Introduction: When to Seek Diagnostic Testing

Rectal adenocarcinoma, commonly known as rectal cancer, is a serious condition that often develops slowly over many years. Understanding when to pursue diagnostic testing can make a significant difference in catching the disease early, when treatment options may be more effective.[1]

You should consider seeking medical evaluation if you notice certain warning signs in your body. These symptoms don’t always mean you have rectal cancer, but they deserve attention from a healthcare professional. Common signs include blood in your stool, which may appear bright red or dark maroon in color.

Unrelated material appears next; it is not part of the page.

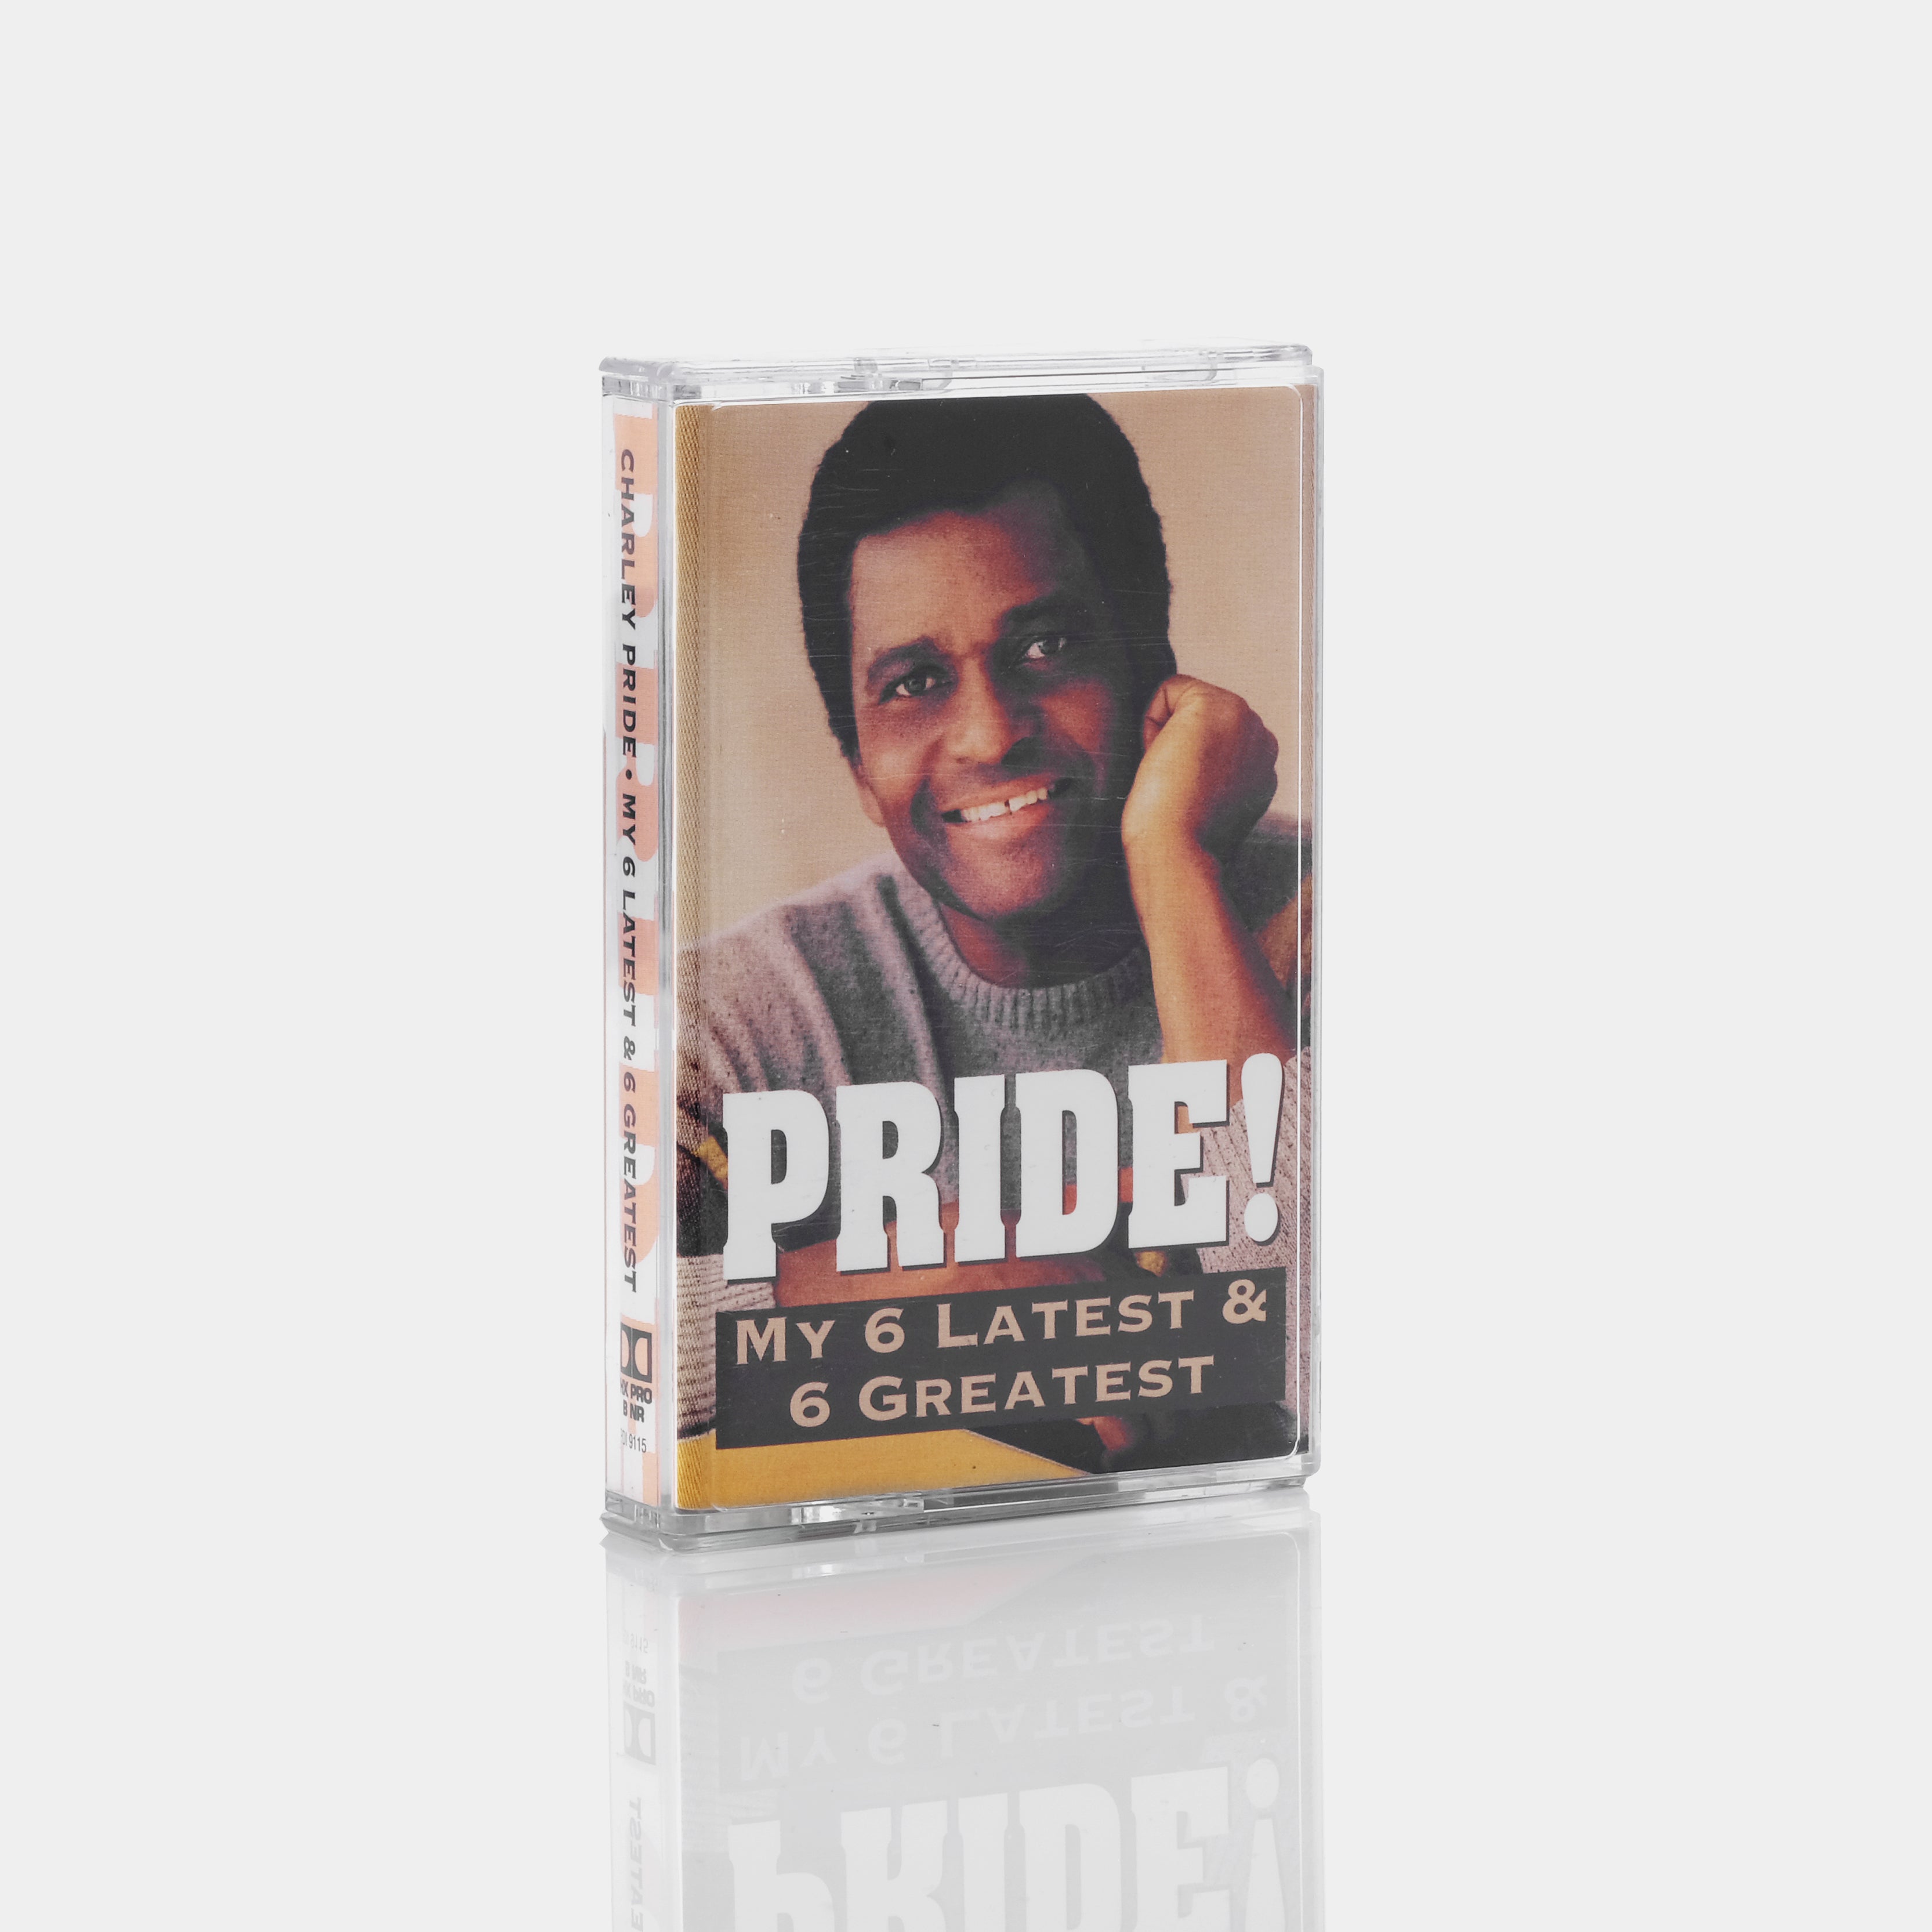 Charley Pride - Pride! - My 6 Latest & 6 Greatest Cassette Tape

Changes in your bowel habits are also important to watch for, such as experiencing diarrhea or constipation more frequently than usual, or feeling that your bowel doesn’t empty completely after you use the bathroom.[1]

Other symptoms that should prompt you to see a doctor include rectal bleeding, narrow or thin stools that look like a pencil, abdominal pain that doesn’t go away, unexplained weight loss, and persistent tiredness or weakness. Some people may also notice a lump in the rectum during self-examination or feel unusually fatigued.[2]

⚠️ Important
Many people with rectal cancer don’t experience any symptoms in the early stages of the disease. This is why regular screening tests are so important, especially as you get older or if you have risk factors. Catching rectal cancer before symptoms appear can lead to better treatment outcomes.

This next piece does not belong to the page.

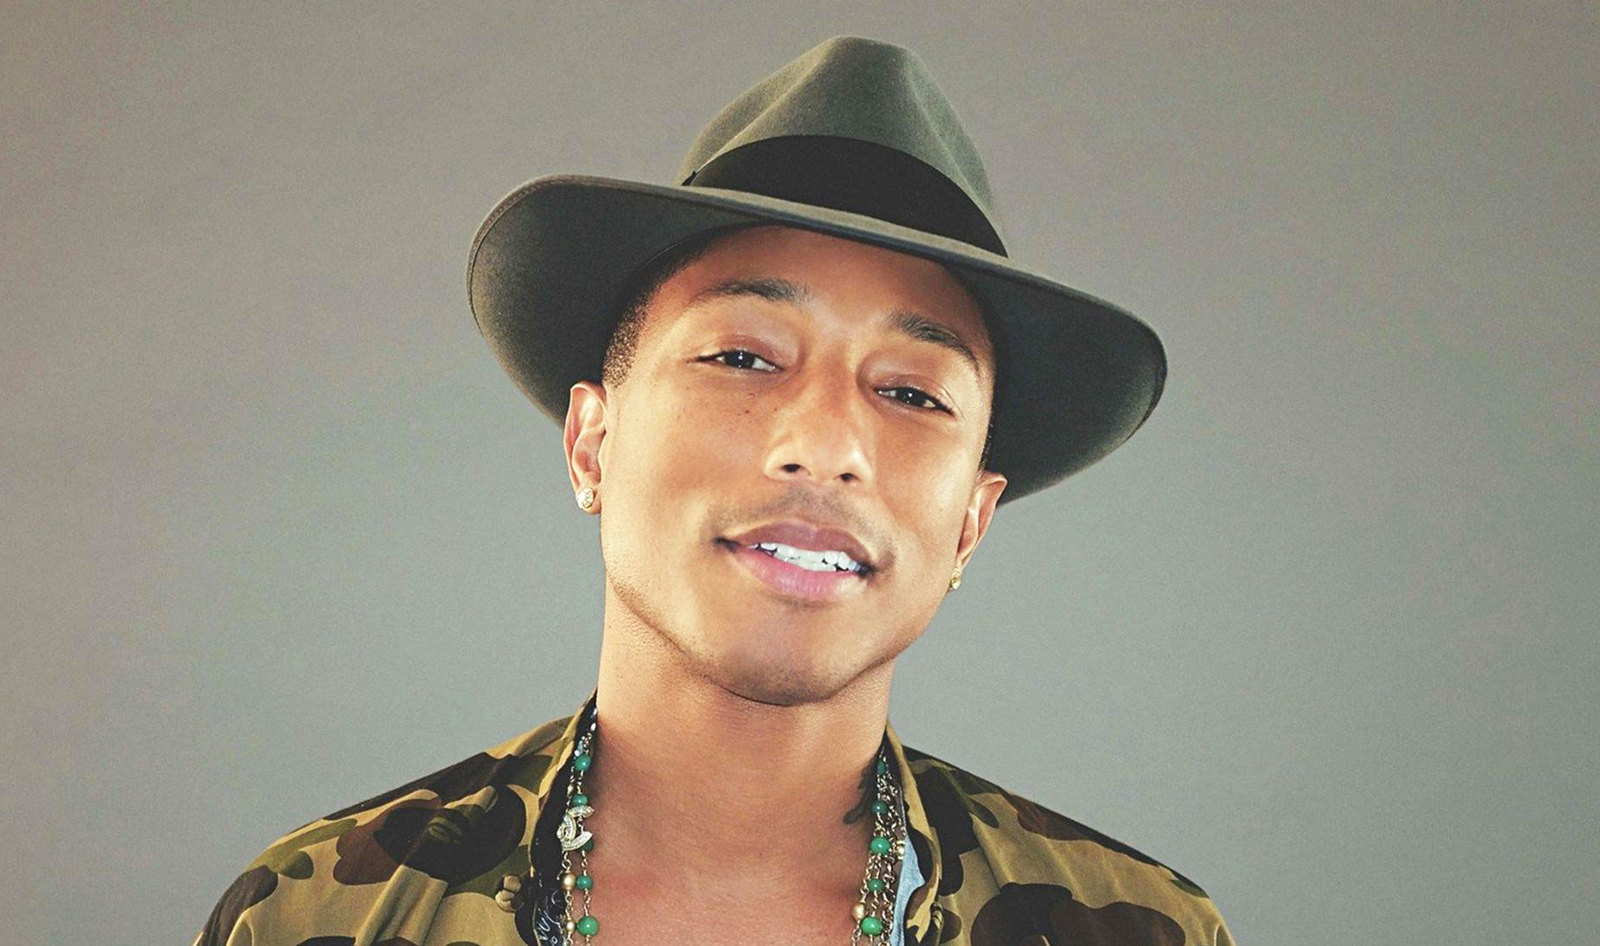 44-facts-about-pharrell-williams

Regular screening is particularly important for certain groups of people. If you have a first-degree relative (a parent, sibling, or child) who has been diagnosed with colon or rectal cancer, your risk increases significantly. People with a personal history of colon, rectal, or ovarian cancer should also be vigilant about screening. Additionally, if you’ve had high-risk adenomas – which are colorectal polyps that measure 1 centimeter or larger, or contain cells that look abnormal under a microscope – you need closer monitoring.[4]

Inherited conditions also play a role in determining who should seek diagnostic testing. If you have genetic changes that increase your risk of familial adenomatous polyposis (FAP) or Lynch syndrome (also called hereditary nonpolyposis colorectal cancer), regular screening becomes even more critical. People with chronic inflammatory conditions like ulcerative colitis or Crohn disease, especially those who have had these conditions for eight years or more, face elevated risk as well.[4]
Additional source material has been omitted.